(OSV News) ─ Archbishop Ladislav Nemet of Belgrade,
Serbia, told OSV News that "no child should be a victim of violence,"
following a school shooting in that city that left eight children and one
security guard dead, with six students and a teacher injured.
On May 3, a 13-year-old male student at the Vladislav Ribnikar Elementary School opened fire on his classmates, armed with two guns owned by his father, as well as two pistols and four Molotov cocktails that were later found in his bag.
The shooter, Kosta Kecmanovic, called police after the attack, telling them what he had done and saying "he is a psychopath who needs to calm down," senior police official Veselin Milic told media the day of the shooting, adding that Kecmanovic said he "was caught by fear and panic and funny breathing" following the killings.
Authorities also discovered sketches of classrooms and a list of intended targets Kecmanovic had created prior to the attack.
All but one of the dead were girls, one of whom held French citizenship, French Foreign Ministry spokeswoman Anne-Claire Legendre told media, without providing details.
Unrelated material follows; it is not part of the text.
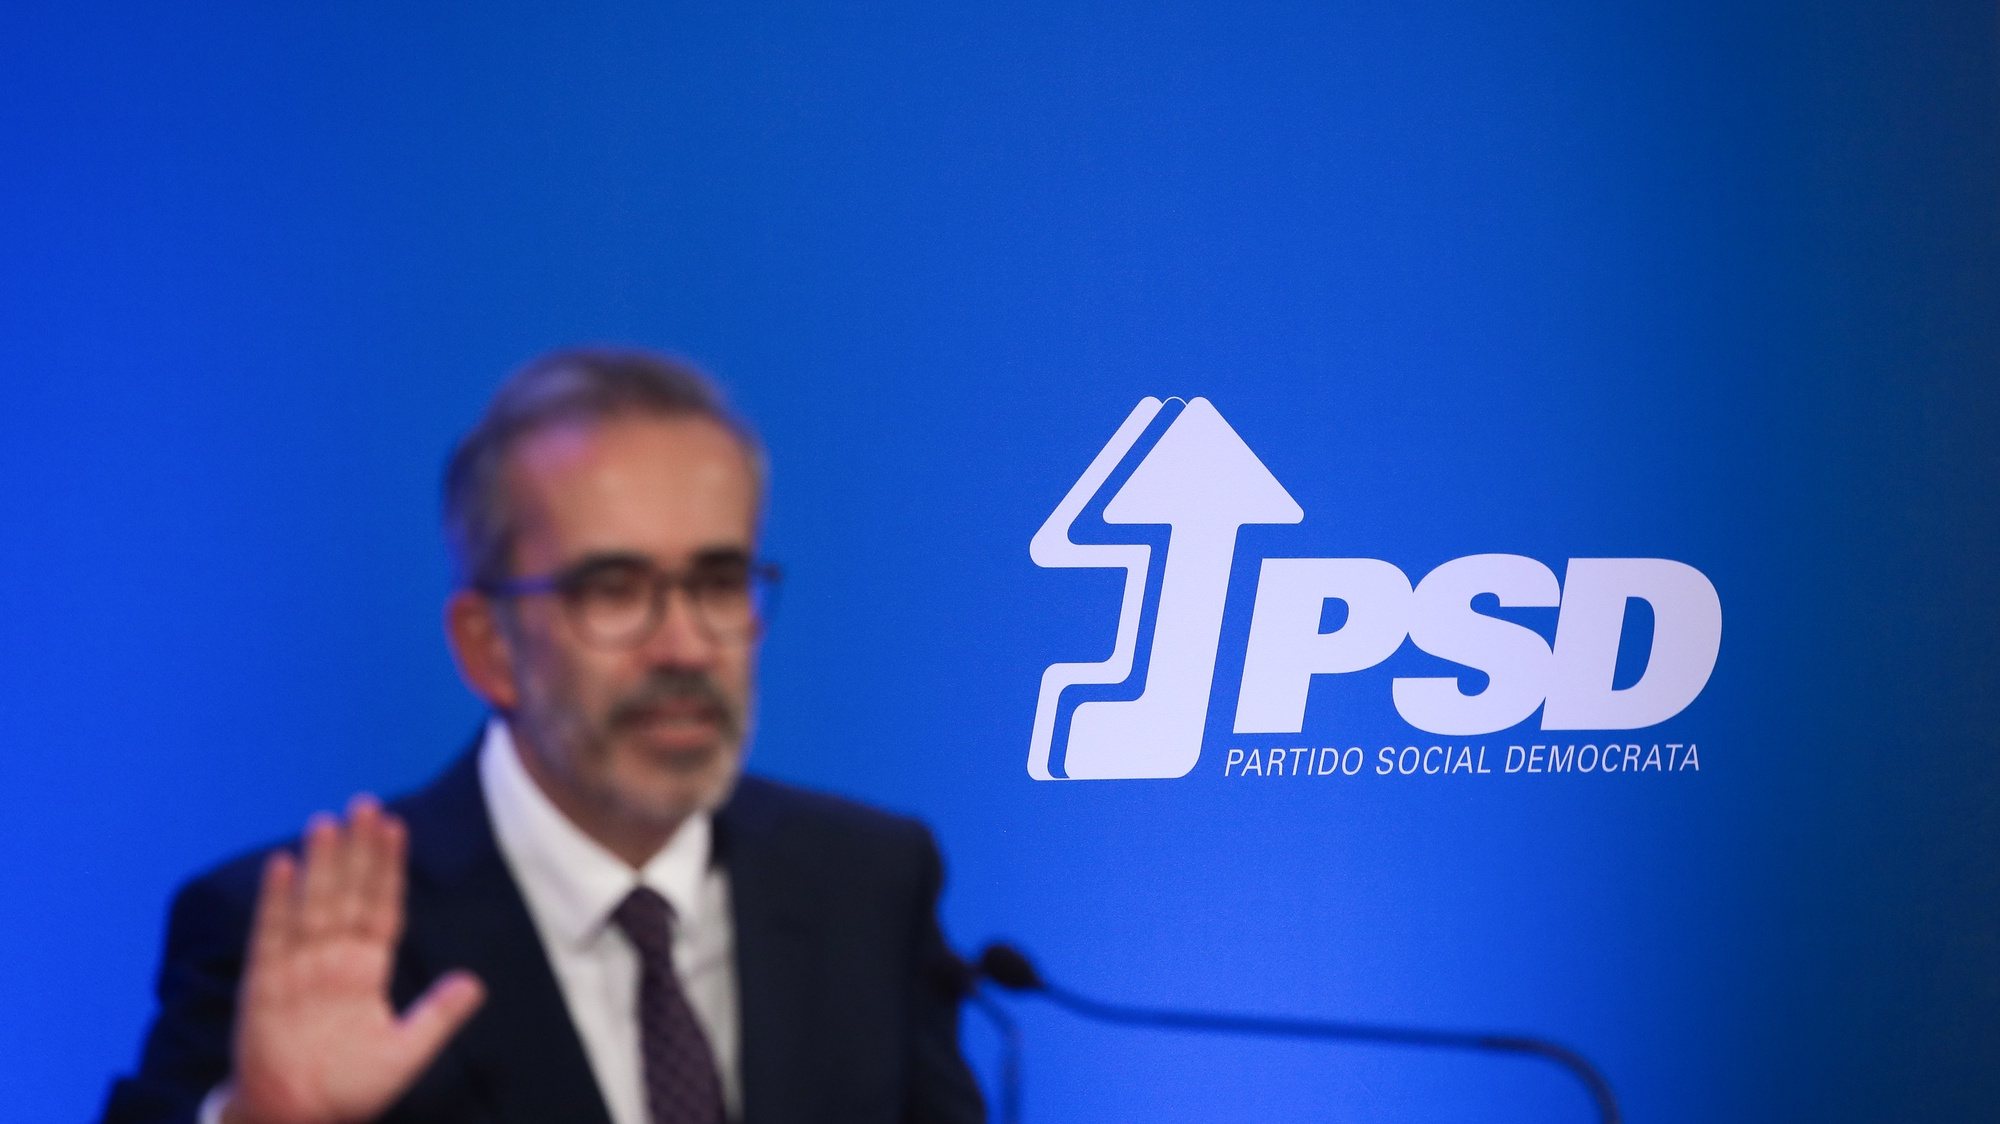 O eurodeputado do Partido Social Democrata (PSD), Paulo Rangel, durante a apresentação da sua candidatura à liderança do partido, em Lisboa, 15 de outubro de 2021. As eleições diretas do Partido Social Democrata ocorrem a 4 de dezembro. MÁRIO CRUZ/LUSA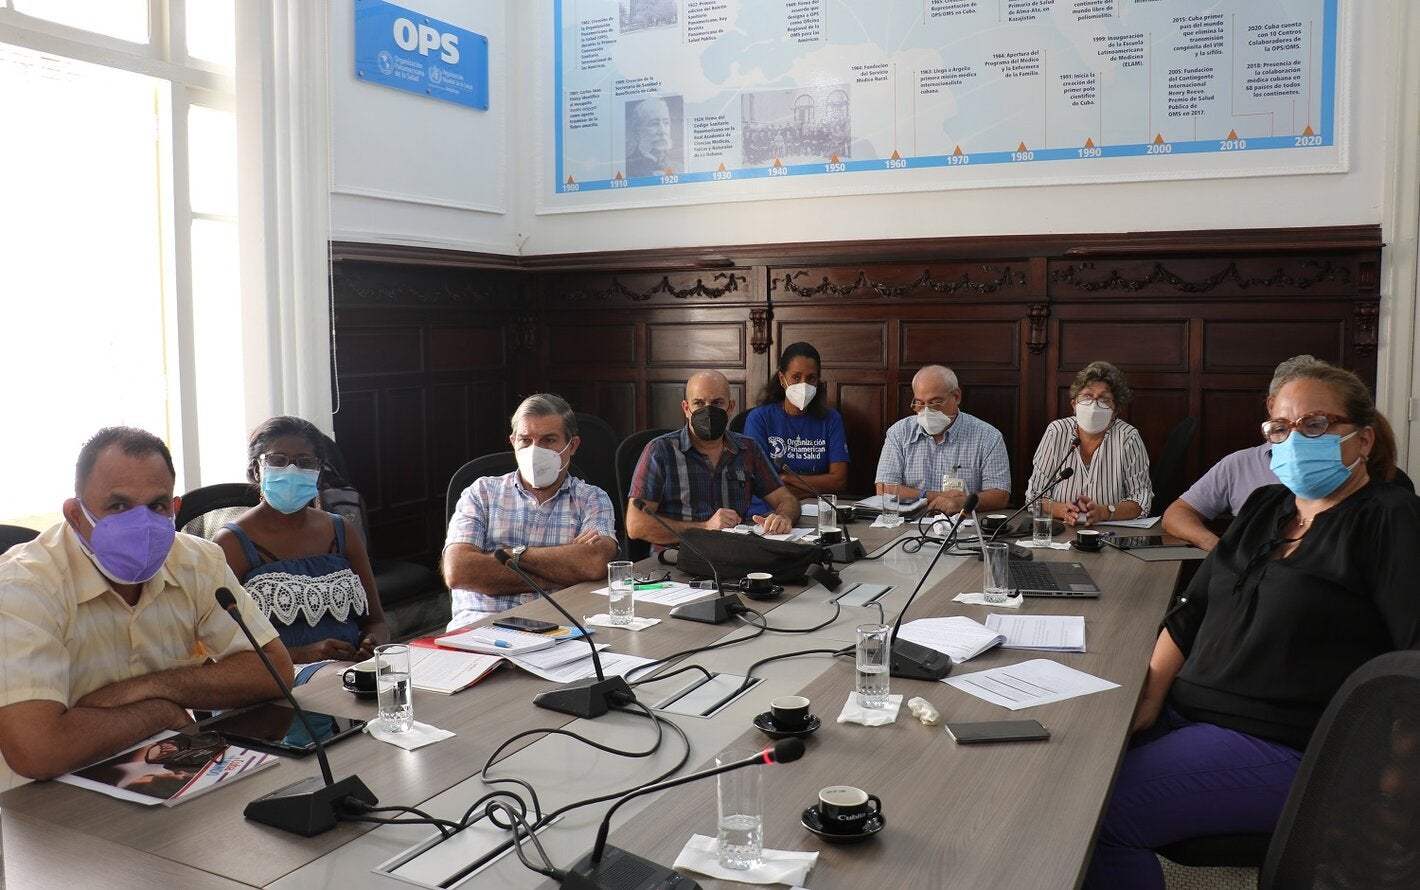 Participantes cubanos en intercambio sobre ETMI

Kecmanovic, who is too young to be criminally charged under Serbia's legal code, will be placed in a psychiatric institution, Serbian President Aleksandar Vucic told media. He described the day as "one of the toughest … in Serbia's modern history."
The teen's father has been arrested, along with Kecmanovic's mother.
Serbia will observe a three-day period of mourning beginning May 5, authorities said.
No motive has been provided for the attack, which has stunned a nation with high levels of gun ownership -- 39 per 100 persons, according to the Geneva-based Small Arms Survey research firm -- but few mass shootings. The last such attacks occurred in two separate villages in 2013 and 2007.
Thousands gathered outside the elementary school to leave flowers, candles, teddy bears and other tokens in honor of the victims. The majority of mourners were reported to be students from other Belgrade schools.
Children and teens should experience school as "a safe and stimulating place for learning and development," said Archbishop Nemet in a May 4 email to OSV News.
The tragedy "calls us all to the importance of radical measures in the prevention of violence in schools and among children," he said.
Masses throughout the archdiocese were offered for the victims, the archbishop added.
"May the Lord grant peace to the innocent souls, murdered students and security workers in the hope of a blessed resurrection, and to all families, relatives and friends, strength and comfort in these difficult times," he said.